As Evergrande faces delisting, China property debt revamp drags on
China's property market, once a key growth driver for the world's second-largest economy, has been in a multi-year tailspin despite repeated government attempts to revive weak consumer demand.
Developers face deteriorating cash flow but their bondholders are resisting taking heftier losses on their investments, delaying negotiations between companies and creditors, said restructuring advisers.
Shares of Evergrande, once China's top developer which was listed in Hong Kong in 2009, have been suspended from trading since Jan. 29, 2024, the day it received a liquidation order from the Hong Kong High Court.
The liquidation order came after it failed to provide a viable restructuring plan for its US$23 billion offshore debt.
The company appears set to be delisted from the Hong Kong bourse as a result of its failure to meet the exchange's rules on resumption of trading within 18 months of the commencement of trading suspension.
Its capitalisation, which once topped HK$400 billion (US$51 billion), had shrunk to HK$2.2 billion when share trading was halted.
The delisting of what had been one of China's prestige companies would add to gloom hanging over other developers which are scrambling to stay afloat and avoid getting into liquidation litigation by securing creditors' support to revamp debt.
Evergrande is not listed on mainland Chinese stock markets.
With Chinese new home prices falling at the fastest pace in 8 months in June, even developers who have completed first round debt revamps are weighing fresh negotiations and those that have not defaulted are also contemplating such a move to slash debt, financial advisers said.
"There's no light at the end of the tunnel," said Glen Ho, national turnaround & restructuring leader at Deloitte, referring to the property market.
"Companies want to delay their restructuring effective date and use time to exchange for more breathing room, but they cannot create new funds out of nothing."
More than US$140 billion, or more than 70 per cent, of China property dollar bonds have defaulted since 2021, according to investment platform FSMOne Hong Kong, and the majority of them are still in various stages of being restructured.
FUNDING CHANNELS
Property construction in China is expected to decline another 30 per cent by 2035 due to structural changes in demand, ANZ analysts said in a June report, which could cast a long shadow over debt restructuring efforts in the near to medium term.
Private developer Country Garden, which defaulted on US$14 billion offshore debt in 2023, is still trying to get its lenders' approval on its debt restructuring proposal before the next liquidation hearing on August 11.
Other developers including KWG and Agile have yet to announce detailed restructuring proposals after having started the process in 2023 and 2024, respectively, soon after defaulting on their repayment obligations.
Logan and Powerlong, on the other hand, have cut their offers to bondholders more than once, but have yet to secure approval from their creditors, said two people with knowledge of the matter said.
The people declined to be identified as they were not authorised to speak to the media.

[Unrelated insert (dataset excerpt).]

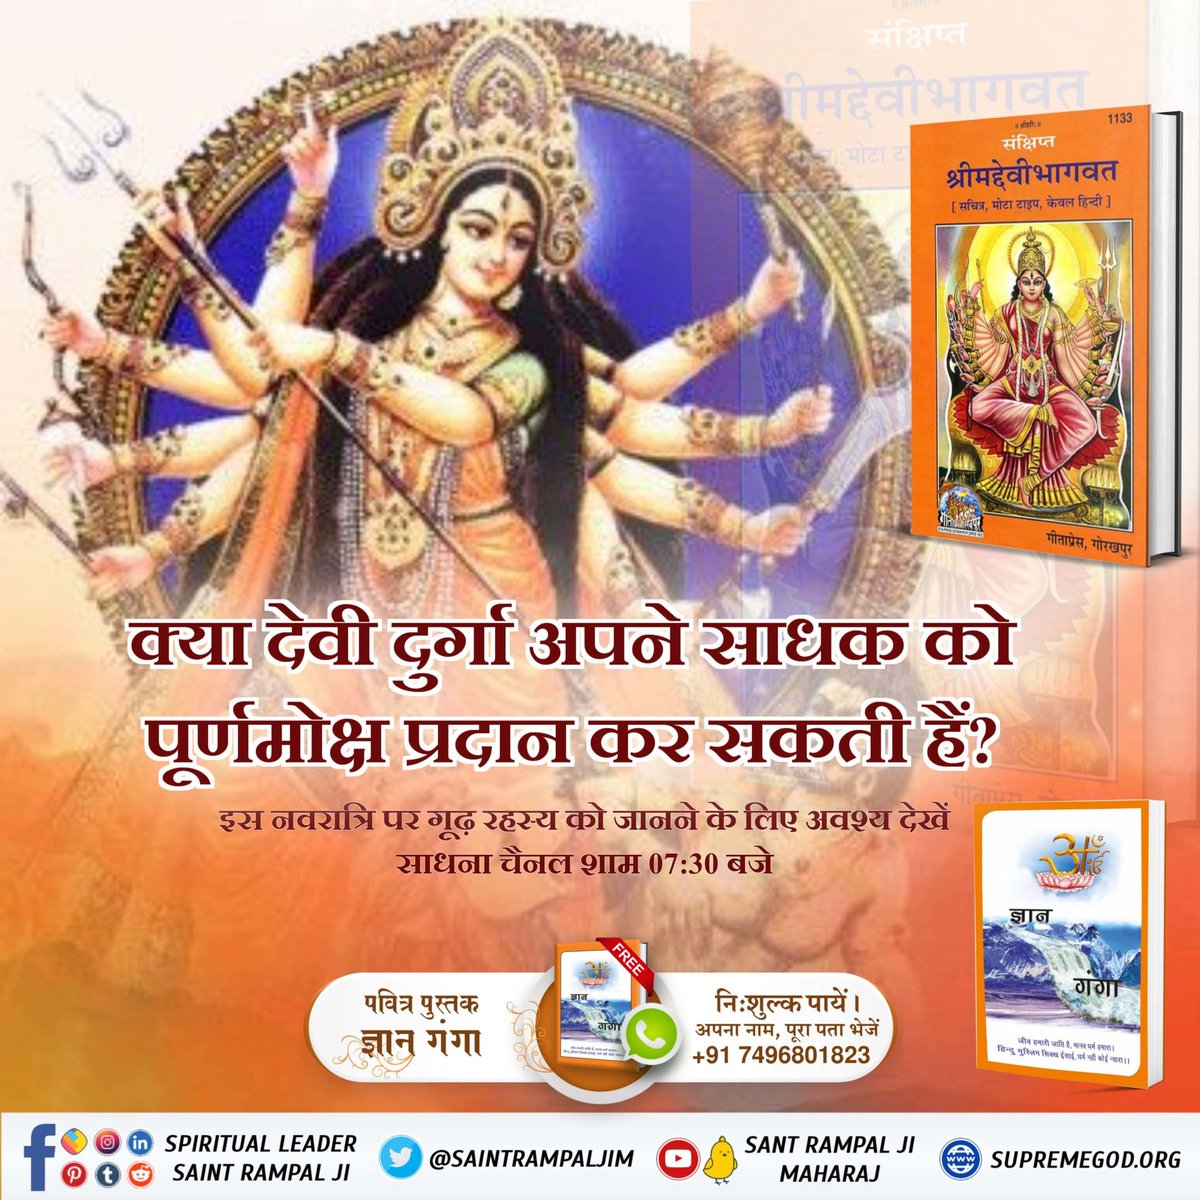 #देवी_मां_को_ऐसे_करें_प्रसन्न क्या देवी दुर्गा अपने साधक को पूर्णमोक्ष प्रदान कर सकती हैं? इस नवरात्रि पर गूढ़ रहस्य को जानने के लिए अवश्य देखें साधना चैनल शाम 07:30 बजे Read Gyan Ganga

Evergrande's liquidators, Country Garden and HKEX declined to comment. KWG, Agile, Logan and Powerlong did not respond to requests for comment.
Advisers expect some developers, especially privately-owned ones, to go through more than one or even two rounds of debt revamp in the absence of an improvement in home sales outside China's top cities and the availability of funding channels.
'CONTINUOUS DELEVERAGING'
China's property sector accounted for about a quarter of the country's economic activity before it collapsed.
But despite repeated attempts by authorities to stabilise the market, property investment in China declined 11.2 per cent in the first half of this year from a year earlier, while property sales by floor area fell 3.5 per cent and new construction starts dropped 20 per cent.
This year, Shimao and state-backed Sino-Ocean were among the latest to set a date for implementing restructurings after years of wrangling with creditors, according to their regulatory filings.
Sunac became the first developer earlier this year to propose a second restructuring to swap all its restructured notes into mandatory convertible bonds and has gained sufficient creditors approval.
Zhongliang also successfully extended the maturity of all its restructured bonds by two years.
Kaisa's restructuring plan, already approved by creditors and courts, however, has not yet gained the greenlight from China's top economic planner, as the plan involves new debt, two other people said.
Kaisa and NDRC did not respond to request for comment.
"There's no one single playbook; each restructuring plan must be tailored to a company's unique capital and creditor structure," said Una Ge, a Hong Kong-based partner at consultancy firm AlixPartners.
"For privately-owned developers, however, the clear trend is a need for continuous deleveraging, as a single round of restructuring is often insufficient to keep them afloat."